As a banker he rose through the ranks to the top of his career before opting to follow his passion and “abiding desire to contribute more directly to the overall economic and political transformation of his beloved Abia State in 2014.”

But that was not until he had, within four years, taken the now defunct Diamond Bank from a little above a fringe player in the fiercely competitive Nigerian banking landscape to one of the best positioned in the country by all indicators, even with significant presence on the continent and beyond,

Rescue from bondage

One would have thought that a man with such a tested competence will not face stiff opposition in his quest to deploy his wealth of experience in transforming his home state in the capacity of governor.

Abia, a state that prides itself as God’s own state, has ironically become a commonly cited example of a grossly misgoverned state. And as far as Otti is concerned, this narrative must be changed and the people rescued from an age-long bondage, hence his decision to join politics in 2014 ahead of the 2015 elections.
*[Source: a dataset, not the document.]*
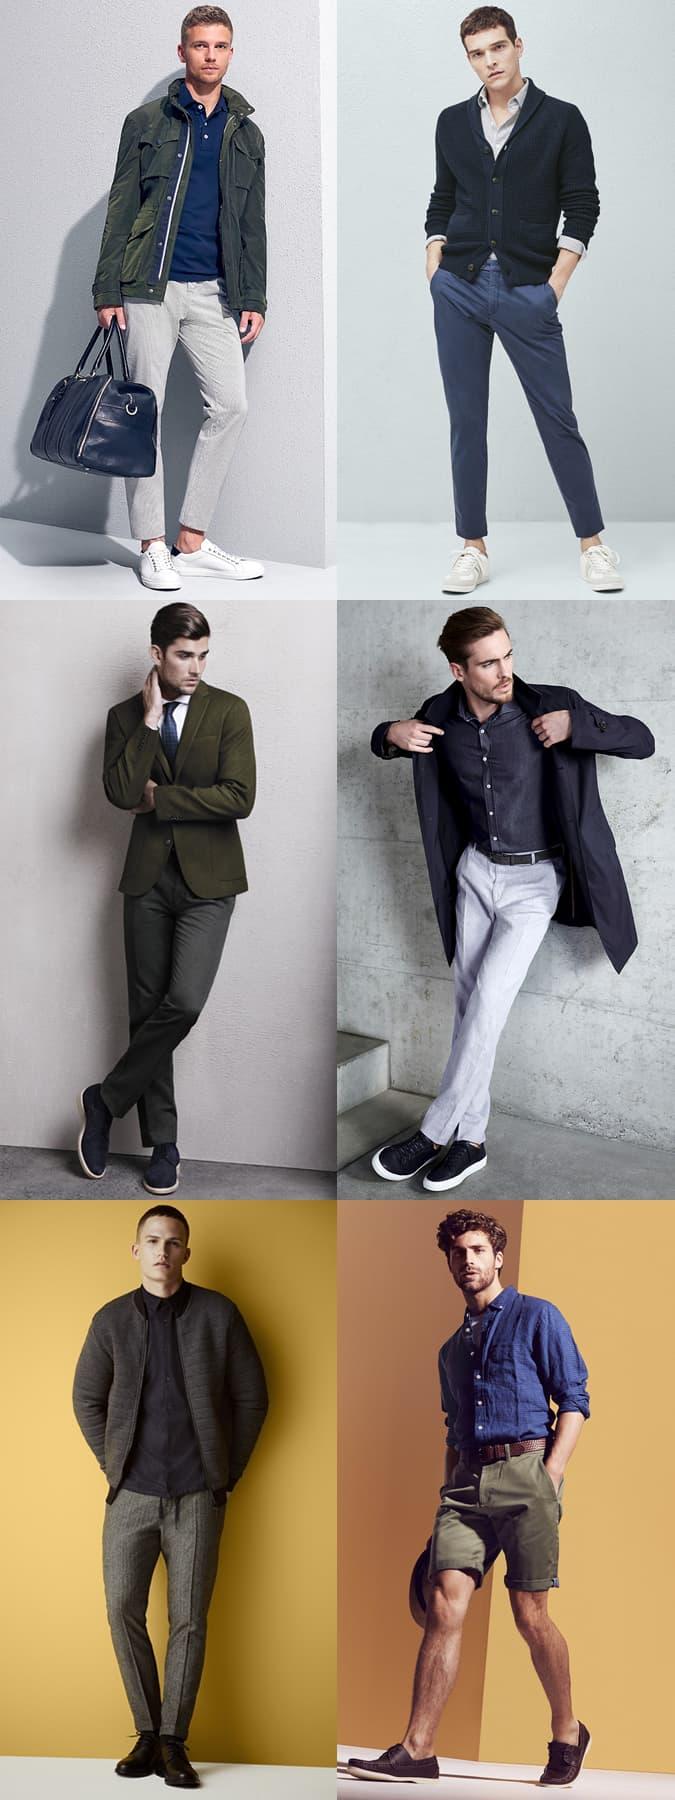 Men's Monochrome Outfit Inspiration Lookbook

As expected, it did not take much time for him to win the support of the masses who easily saw in him the willingness to do things differently. They went ahead and said so through their ballots. But the Independent National Electoral Commission (INEC) and subsequently the court decreed otherwise.

But knowing that the road to his destination would not be smooth, Otti has continued to keep hope alive. Facing a sitting governor that was out to throw money around and a ruling party with the federal might, in 2019 elections proved even more trying for him. He placed third.

Otti has not still given up. Instead he has officially declared for the All Progressives Congress (APC), with a vow that the nation’s ruling party will free the state from the bondage of the People’s Democratic Party (PDP) in 2023. He said he decided to leave the All Progressive Grand Alliance (APGA) under whose platform he ran for governor twice because of its poor leadership. Thousands of his then APGA loyalists have since joined him.

He told Business Hallmark recently that anybody that would ask what he would do differently as governor does not know Abia State as anything would be an improvement in a state that is on its knees.

“The state is on its knees. It’s at its rudimentary level, so whatever you bring will be an improvement. But of course, we have our goals for Abia and we know how to achieve them. And if you also understand where I am coming from and what I have done in the past, and what I’m capable of doing, then that question will not arise.

He believes fixing infrastructure is critical and not rocket science.

“When you pick infrastructure, there is absolute decay. But it’s not rocket science to fix infrastructure, and it’s not a favour to the people when you fix infrastructure. On the other hand, when you don’t fix infrastructure, investments both local and foreign will take to their heels. And that’s what has happened.”